◆ **Exercise prompt**
In full and word for word, copy the listing; no pictures belong in the copy.

** Collected data follows **

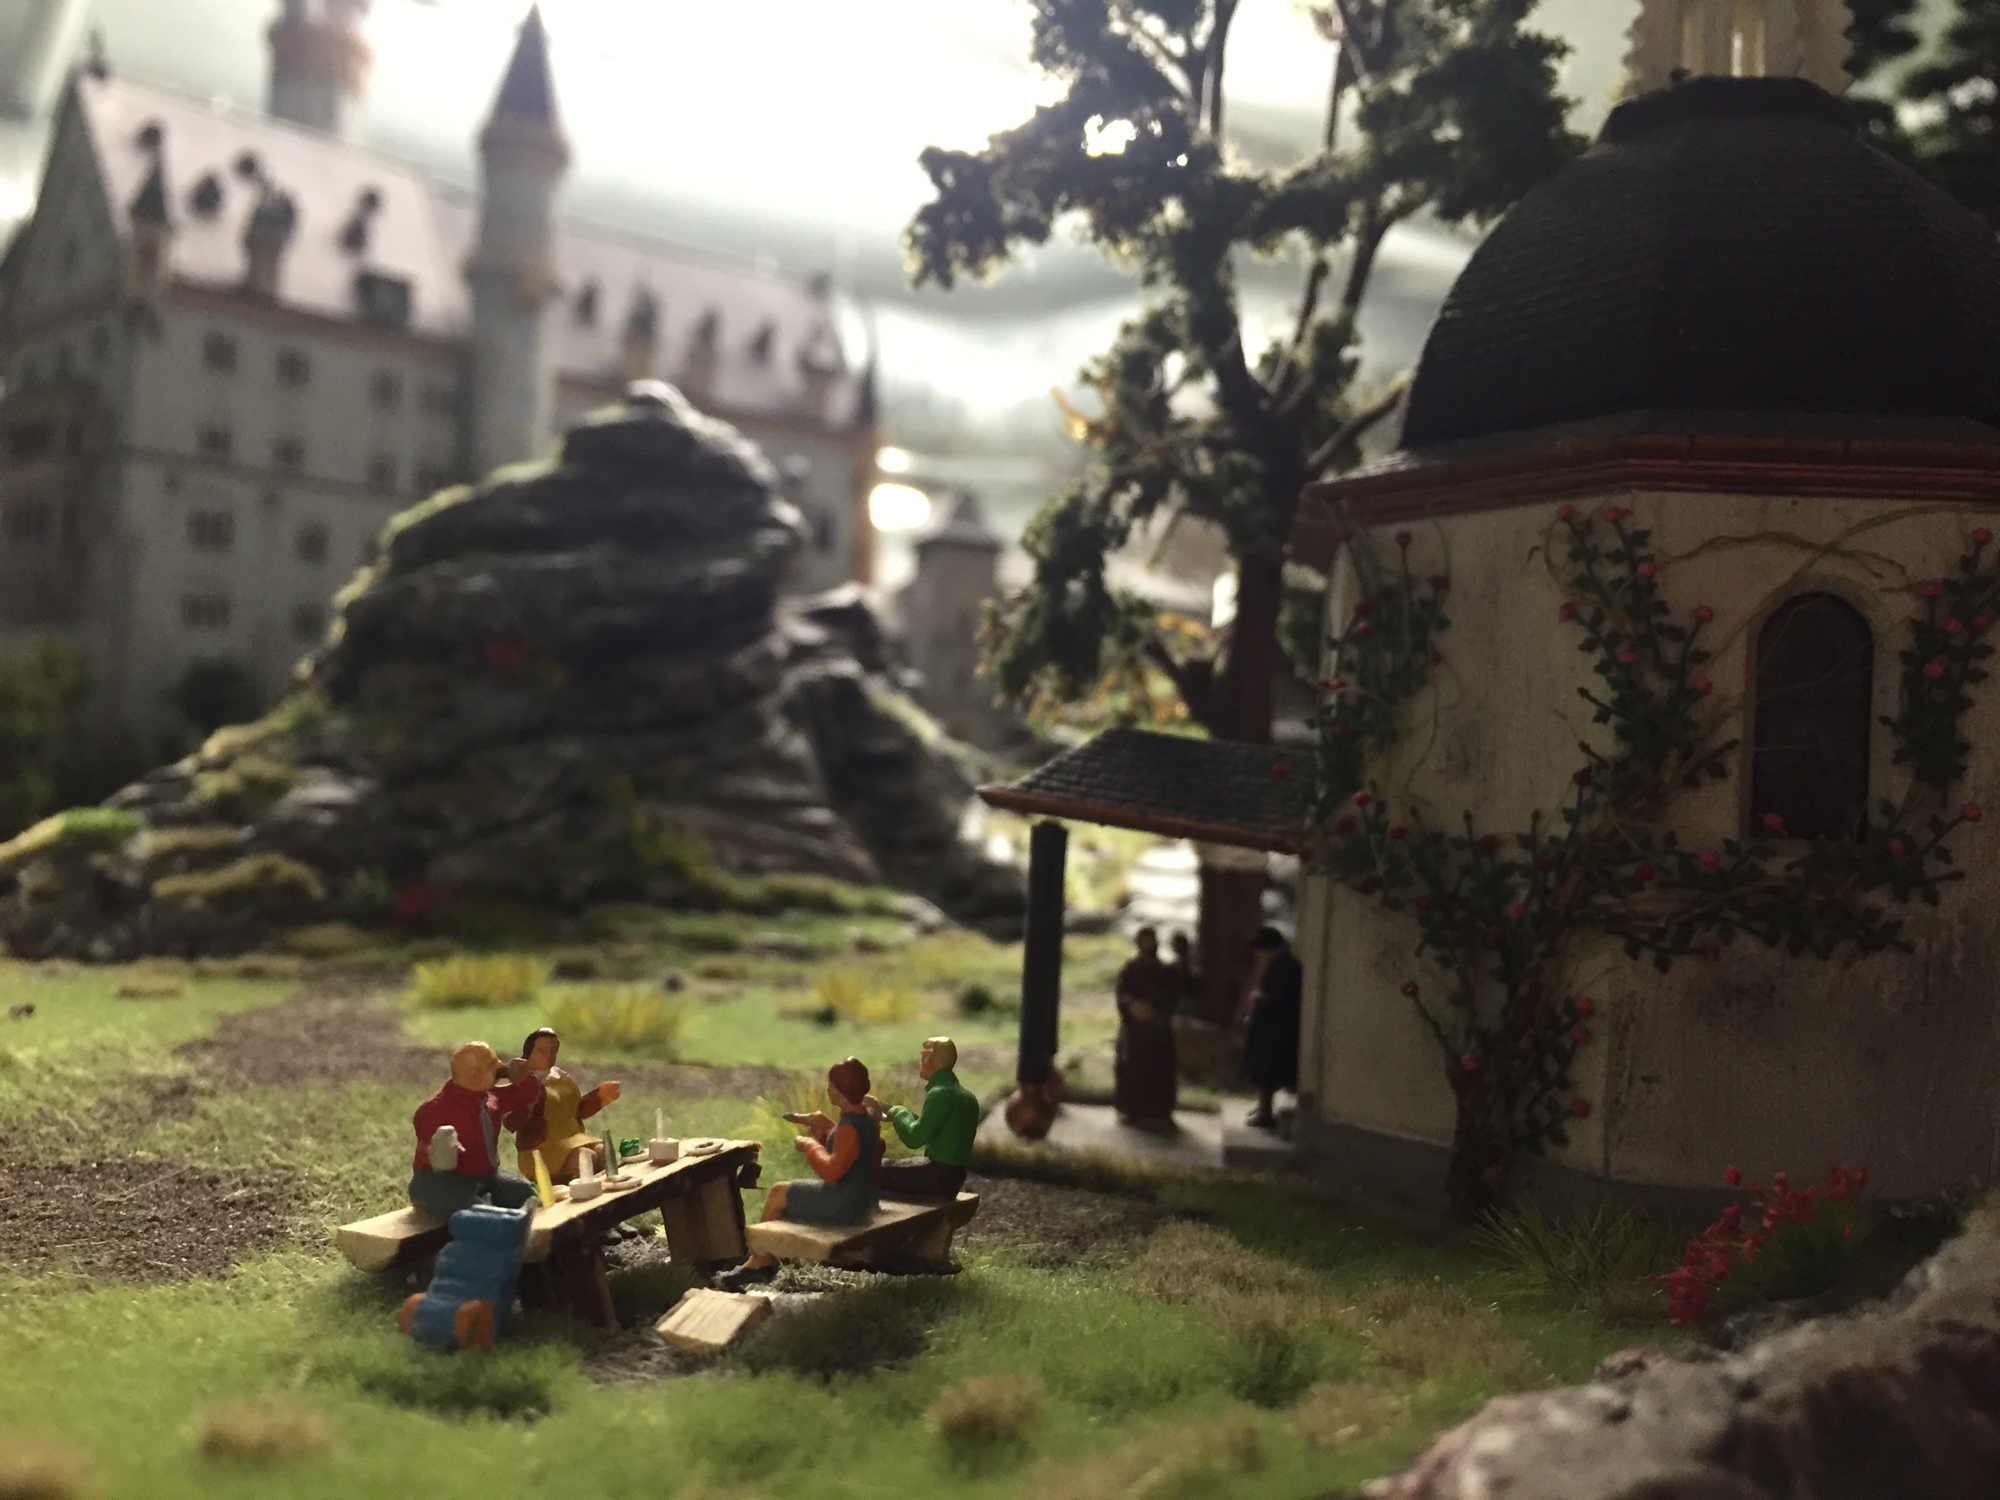 Almszene hinter Schloss Neuschwanstein im Miniaturwunderlang Hamburg, zu sehen nur im Rahmen der Backstageführung
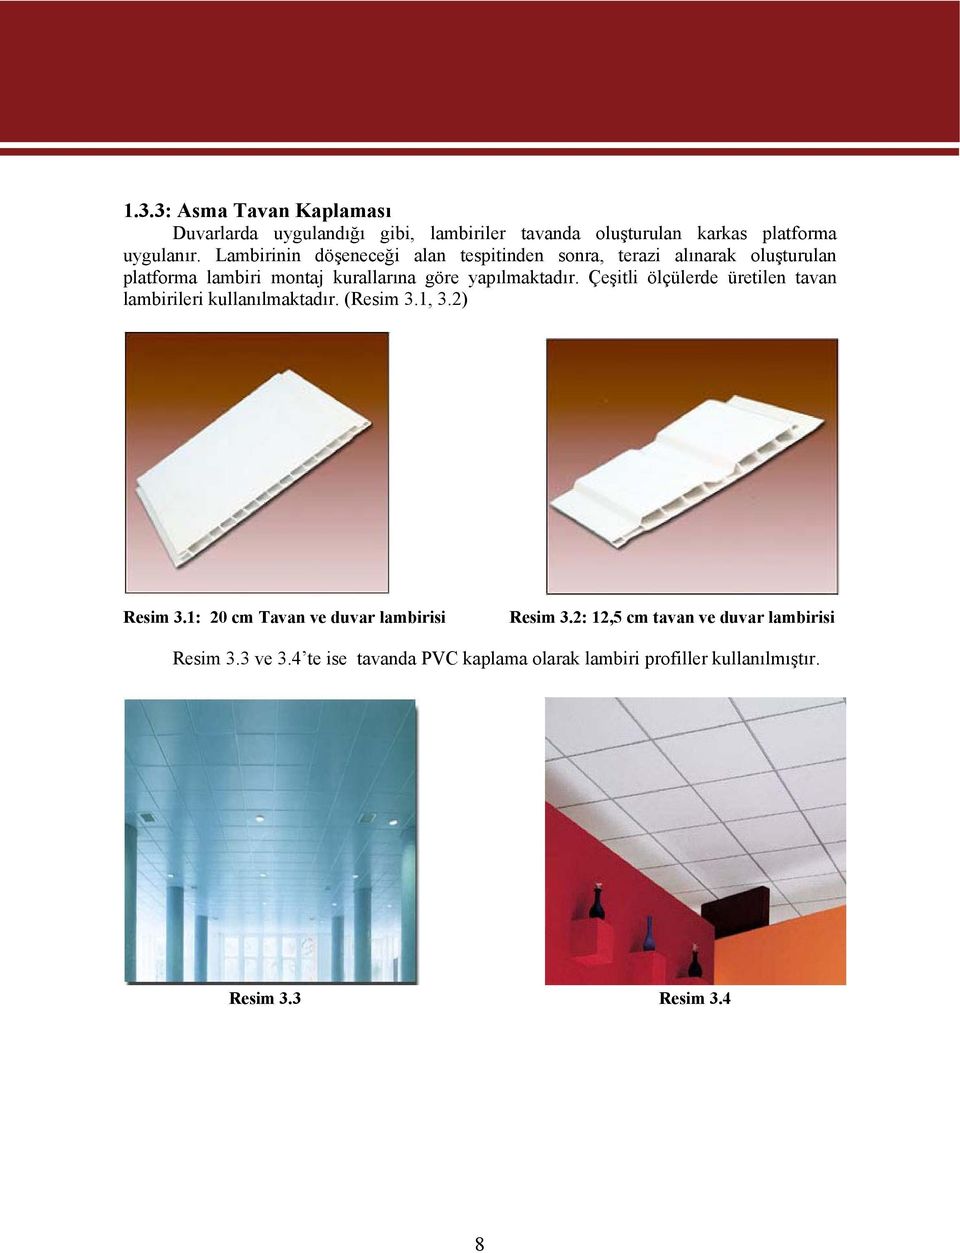 Çeşitli ölçülerde üretilen tavan lambirileri kullanılmaktadır. (Resim 3.1, 3.2) Resim 3.1: 20 cm Tavan ve duvar lambirisi Resim 3.
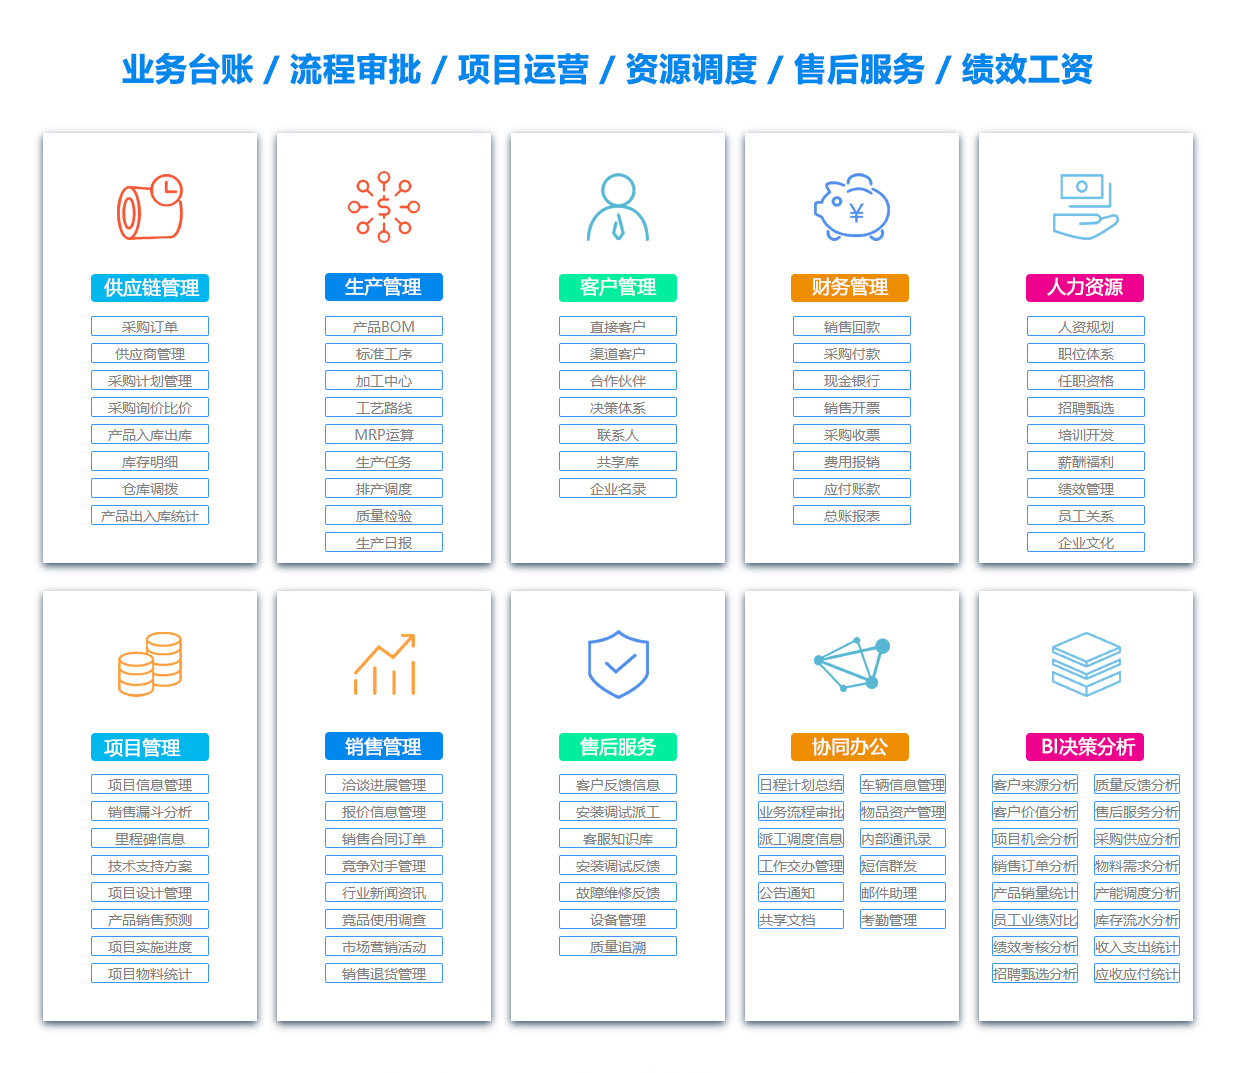 衢州SCM:供应链管理系统

** End of Collected data **

◆ **Written solution**
 Almszene hinter Schloss Neuschwanstein im Miniaturwunderlang Hamburg, zu sehen nur im Rahmen der Backstageführung
 Çeşitli ölçülerde üretilen tavan lambirileri kullanılmaktadır. (Resim 3.1, 3.2) Resim 3.1: 20 cm Tavan ve duvar lambirisi Resim 3.
 衢州SCM:供应链管理系统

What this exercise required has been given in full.